Let’s say a piano is brand new in a store and needs to be prepped. A technician might spend an entire day doing full regulation, voicing and tuning as well as other refinements. After a full day of work, guess what? It’s halfway there. It’s halfway to being the perfect piano, and then the tuner comes back another day. Maybe there’s a customer who plays on a high level who’s not entirely satisfied with the performance. The tuner might spend even another day prepping and fine-tuning. By this time, we have gotten halfway yet again.
This is a process that could be repeated over and over. The piano gets into the person’s home, and they get the best technician they can find because they want this piano to be as exquisite as possible. They bring their technician on a regular basis, and each time they come in, they get just a little bit closer to perfection. Let’s contrast this with someone else who buys a piano who doesn’t play very much, and they don’t tune it for five years. Well, guess what? There is going to be more backward steps then forward steps. The piano can degrade over time!
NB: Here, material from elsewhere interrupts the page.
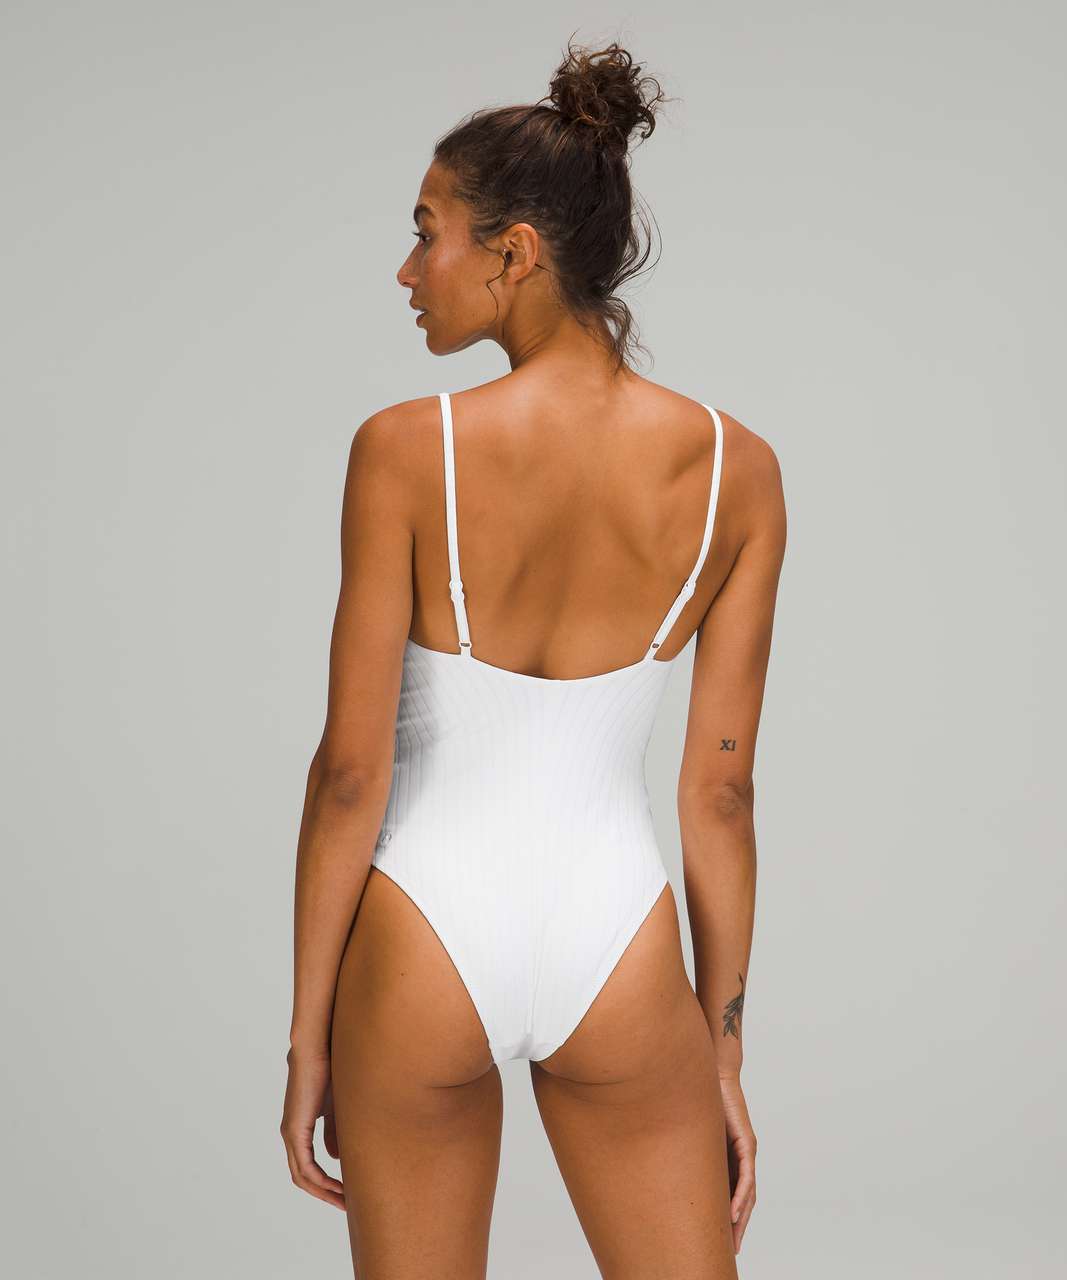 White One-Piece Swimsuit - Ribbed Swimsuit - Cutout Swimsuit - Lulus

There is a saying among piano tuners who say you can’t tune an out of tune piano. As crazy as this sounds, there is some truth to this. Think about it. If a piano drops in pitch when a tuner comes to tune the piano, as they tune one section of the piano, the previously tuned section is knocked out of tune because of the additional force on the bridge. That makes the soundboard flex which throws out the part that they just tuned. If the piano has not been tuned in a very long time, it takes multiple tunings to get the piano in the zone. Even that tuning will not hold for very long, and then the tuner has to go back and tune again!
Many people, instead of getting closer to perfection are going two steps backward, one step forward when they tune. If you don’t do it enough, you’re degrading the experience you have when you’re playing your piano. The trick is to get ahead of the curve. If you can put the time in on the front end on your piano and put the time necessary to get it to a point of stability, each time you bring your tuner in you can get closer to the theoretical perfect piano. There it is, the perfect piano! I hope your piano is as close to perfection as possible and thanks for joining us! This is Robert Estrin at LivingPianos.com. info@livingpianos.com
One thought on “The Perfect Piano – Why You Can’t Tune an Out of Tune Piano”
Hi Robert.
My family has a piano and unfortunately, I’m the only who plays it, but it’s waaaaay out of tune and has been for a long while The last time we brought a tuner in, he didn’t even tune it, just sat and yacked our ears off. How do we find a good tuner who doesn’t cost too much to bring in, but will work with the piano to bring it back to being in tune after the multiple visits needed to bring the keyboard to stability? Also, how do I help preserve this upright with baby grand innards so it’ll stay in wonderful shape, and how do you hide scratches? We’ve got dogs so it does have a few here and there. Thank you very much.